▶ Raw data
-*-*-
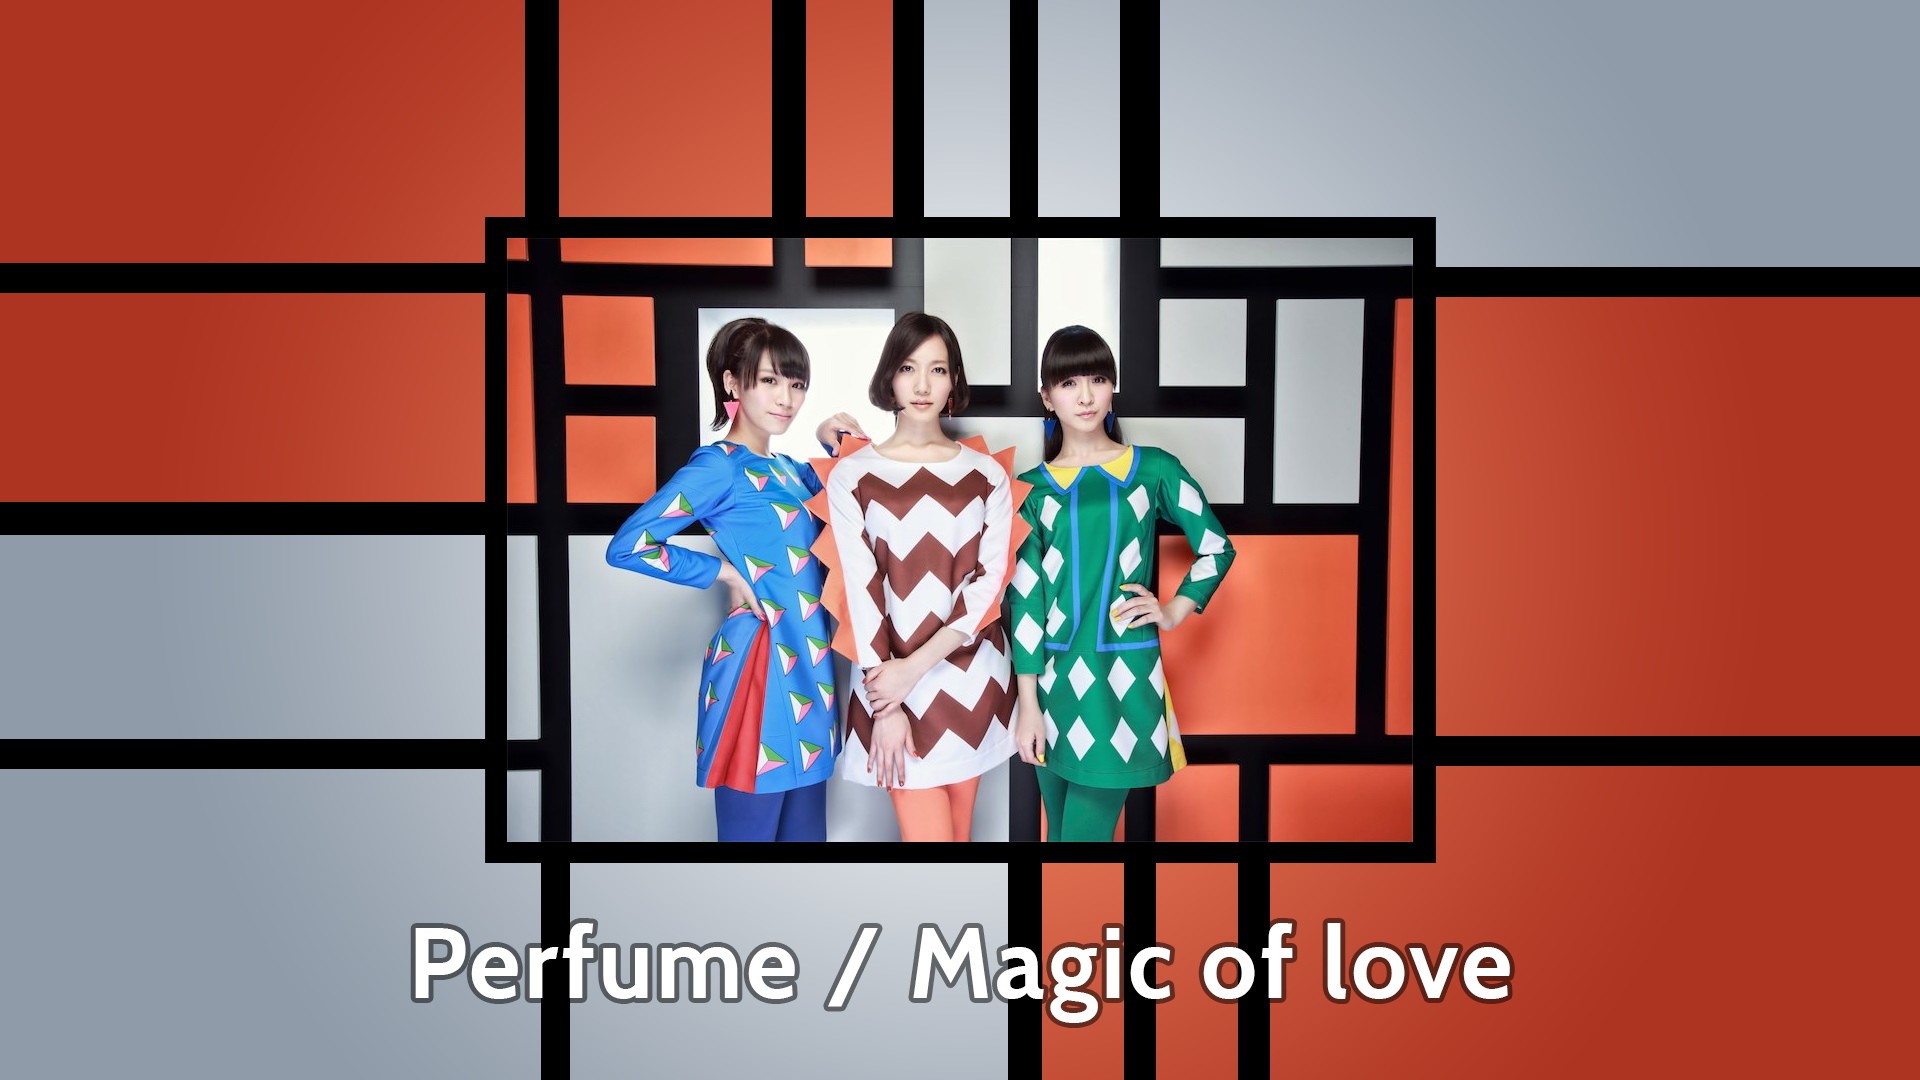 Asian Perfume Band Women Model 1920x1080
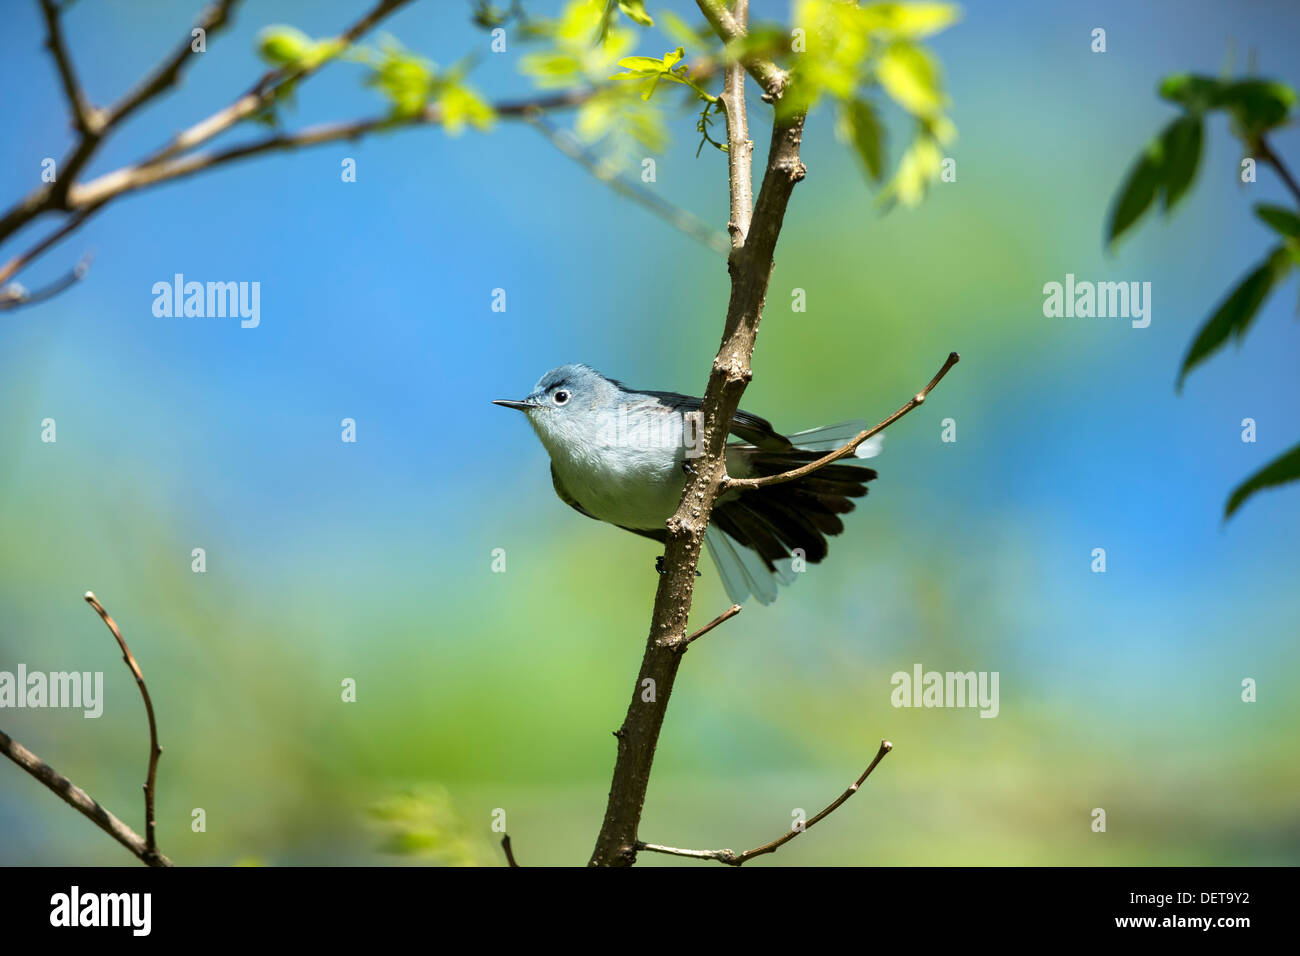 Petit oiseau chanteur perché sur une branche avec arrière-plan agréable - Gobemoucheron gris-bleu Polioptila caerulea Banque D'Images
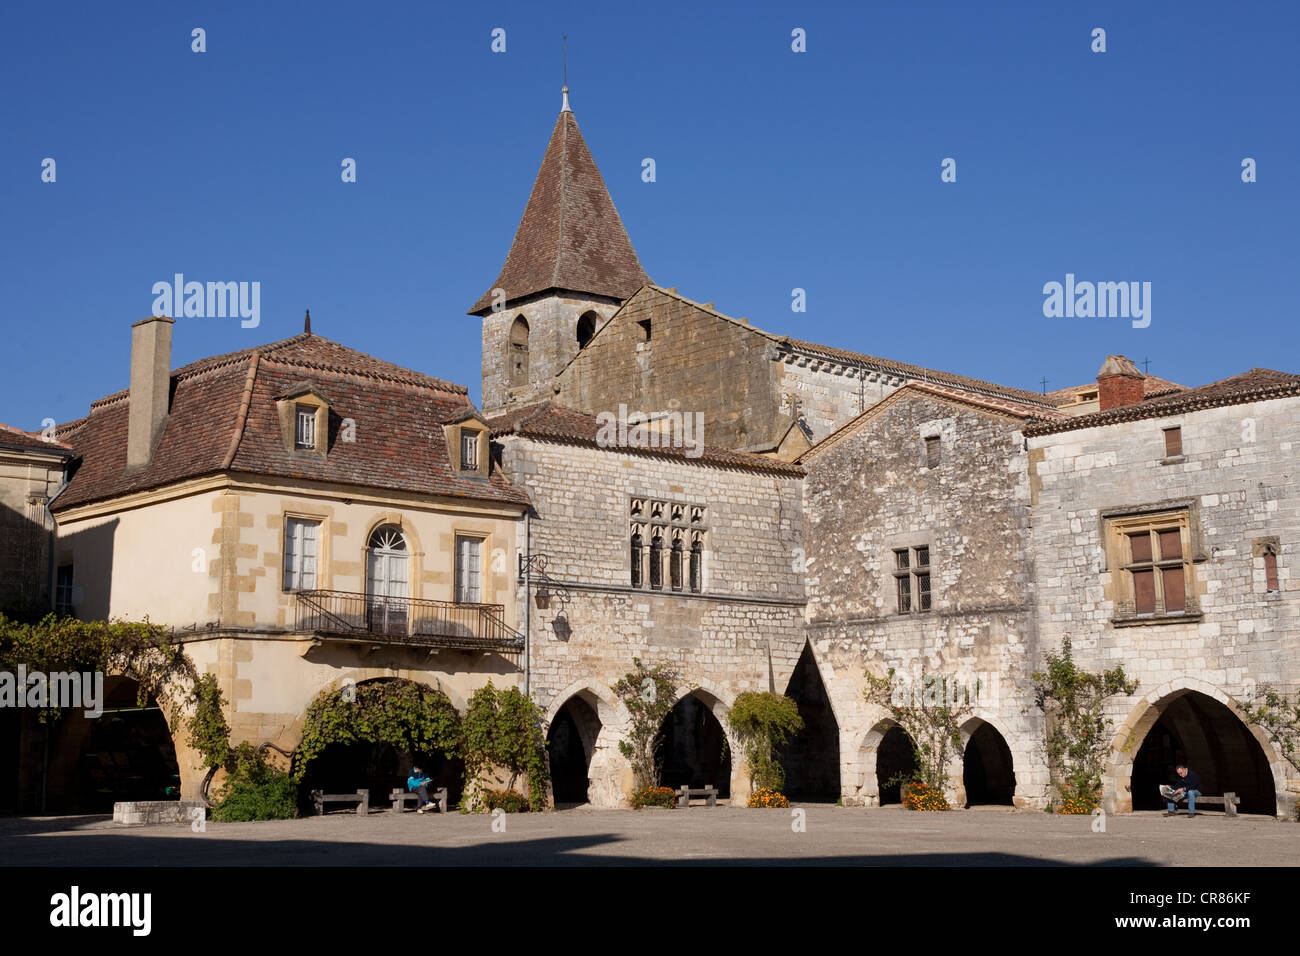 France, Dordogne, Monpazier, labelled Les Plus Beaux Villages de France (The Most Beautiful Villages of France) Stock Photo
-*-*-
▶ To do
Write out the material above exactly, and omit the pictures it holds.

▶ Worked solution
 Asian Perfume Band Women Model 1920x1080
 Petit oiseau chanteur perché sur une branche avec arrière-plan agréable - Gobemoucheron gris-bleu Polioptila caerulea Banque D'Images
 France, Dordogne, Monpazier, labelled Les Plus Beaux Villages de France (The Most Beautiful Villages of France) Stock Photo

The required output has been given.